▶ _The task_: Please write out only the lines from the line with "LCW Chair, plywood" to the line with "Early example of", inclusive, exactly as they stand below, without the pictures.

▶ _Information supplied_:
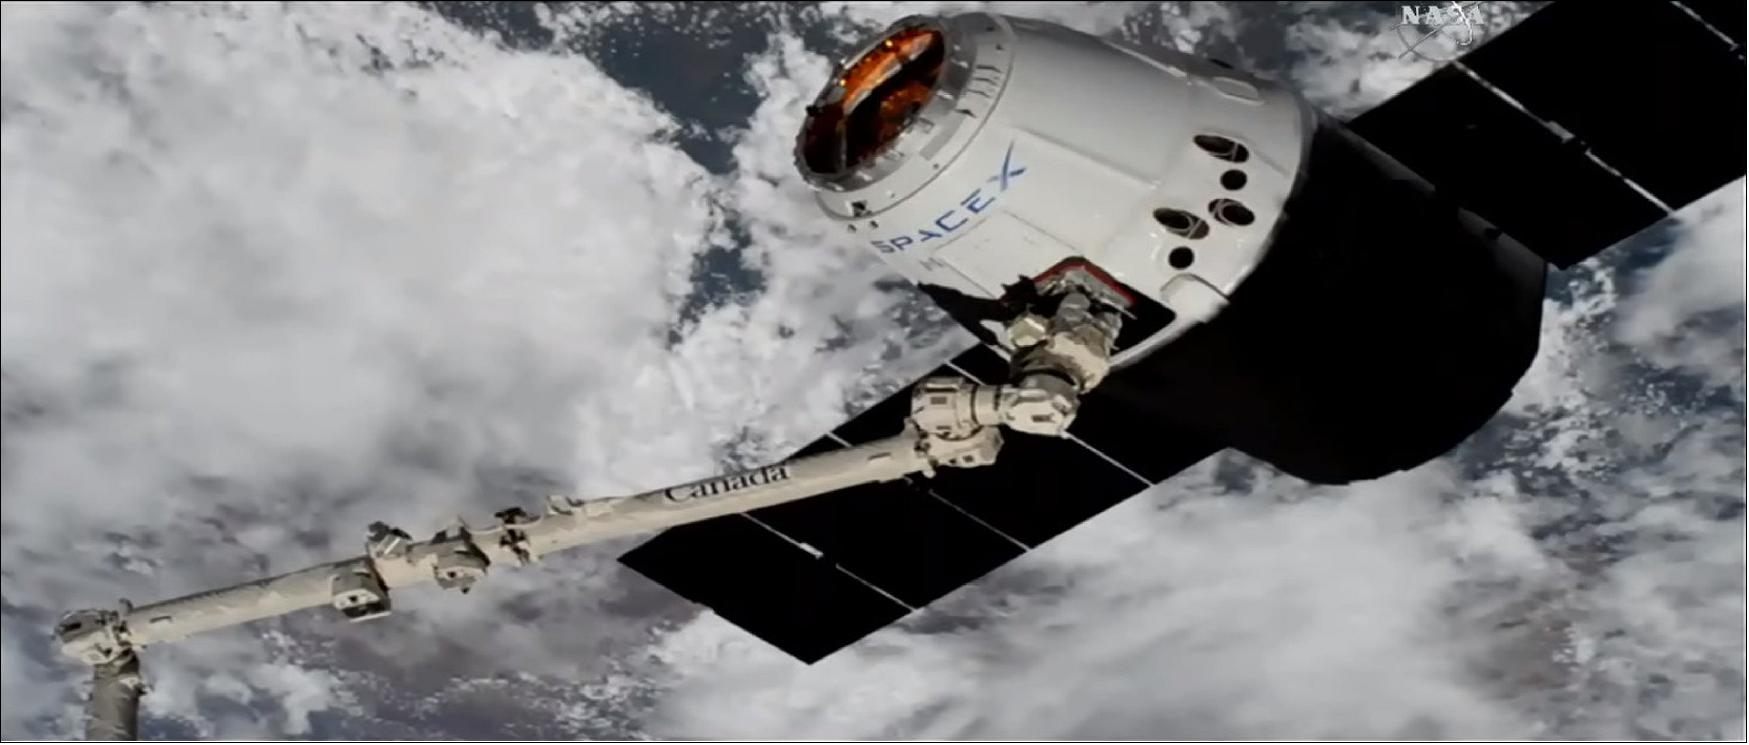 Figure 24: Astronauts aboard the ISS snagged the uncrewed Dragon today (April 4) at 10:40 GMT using the orbiting lab's huge Canadarm2 robotic arm (image credit: NASA TV)
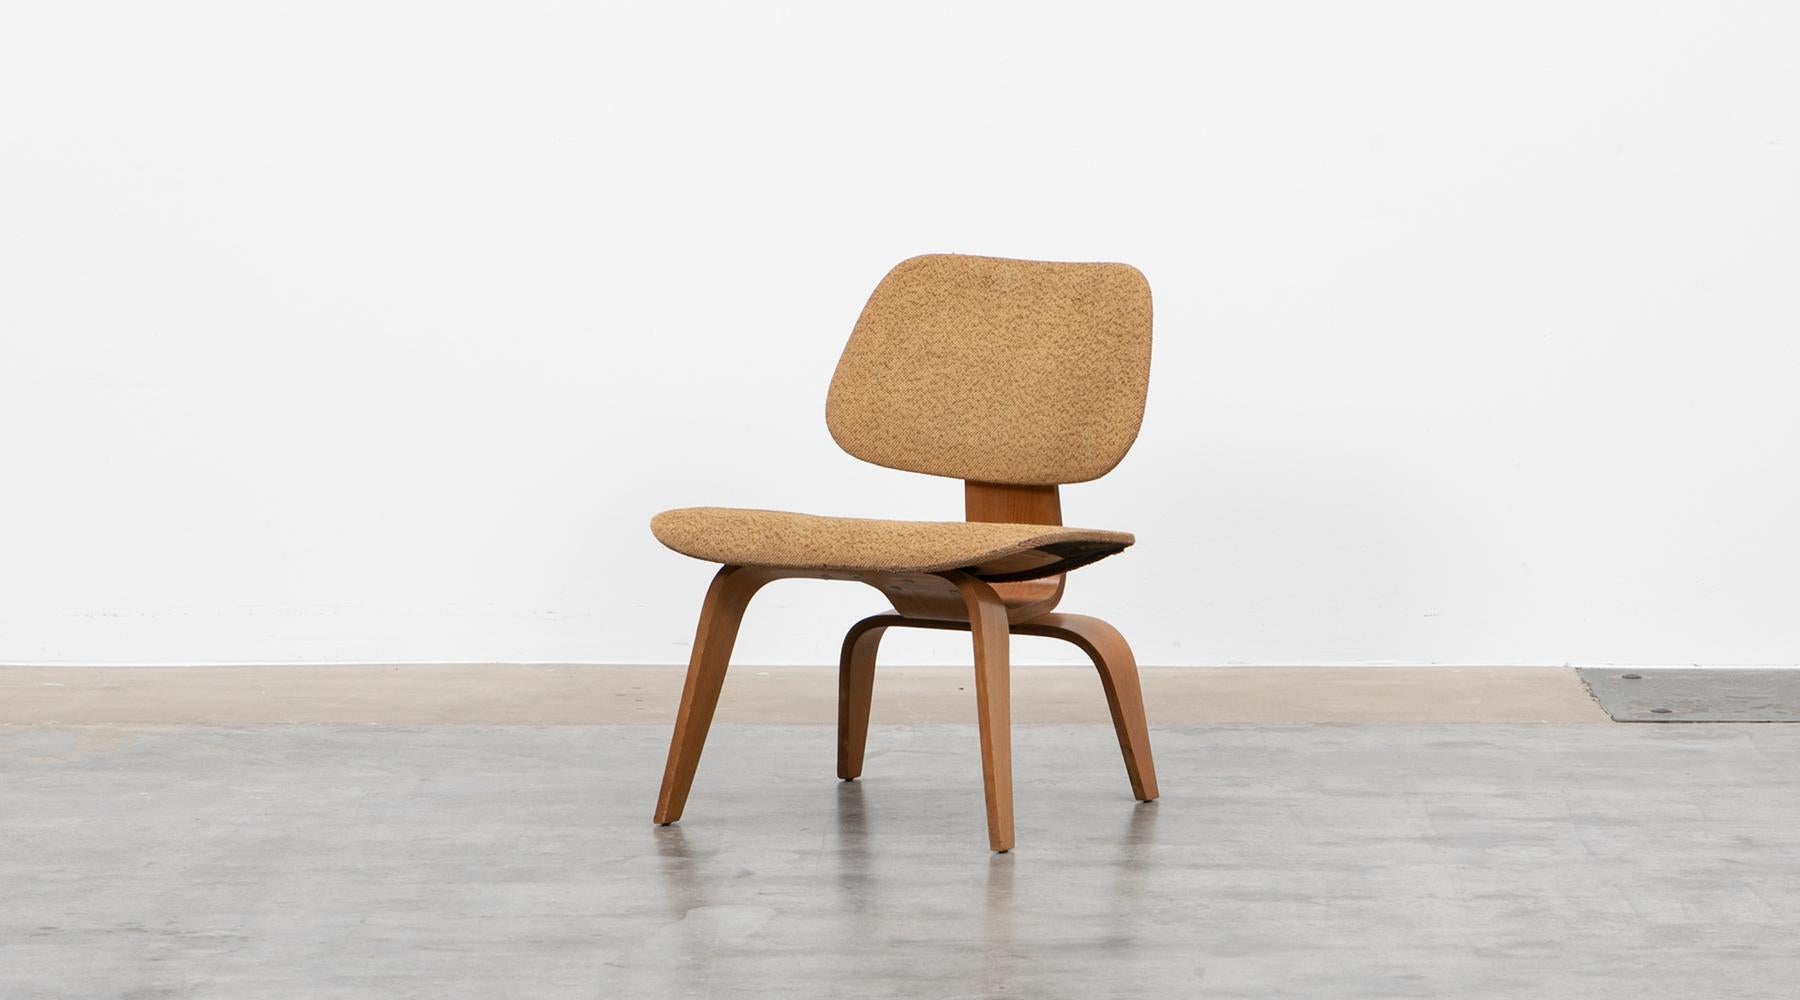 LCW Chair, plywood in ash, original fabric, Charles & Ray Eames, USA, 1948.

Early example of a LCW chair by famous Charles & Ray Eames. The unusual organic shape of this object shows Charles & Ray Eames innovative use of lumber-core plywood.
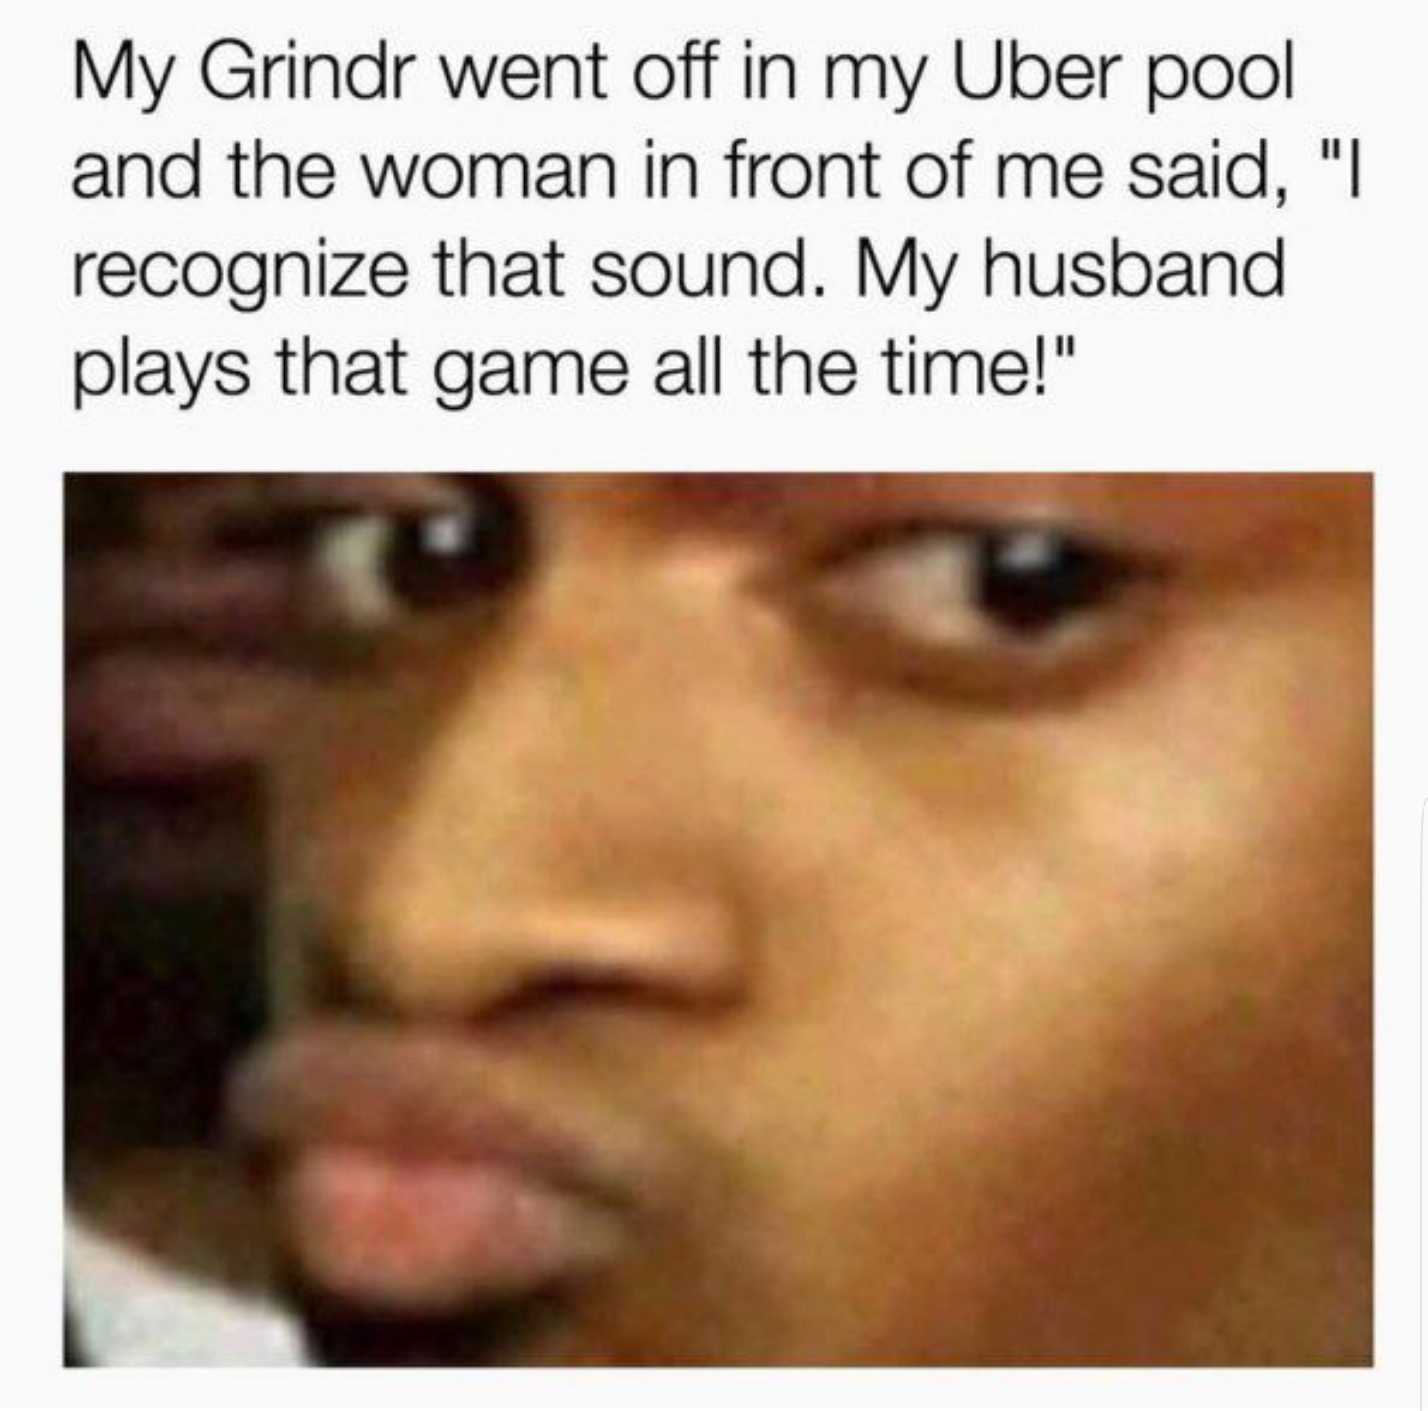 funny picture of a grindr meme - My Grindr went off in my Uber pool and the woman in front of me said, "I recognize that sound. My husband plays that game all the time!"

▶ _Exercise response_:
 LCW Chair, plywood in ash, original fabric, Charles & Ray Eames, USA, 1948.

Early example of a LCW chair by famous Charles & Ray Eames. The unusual organic shape of this object shows Charles & Ray Eames innovative use of lumber-core plywood.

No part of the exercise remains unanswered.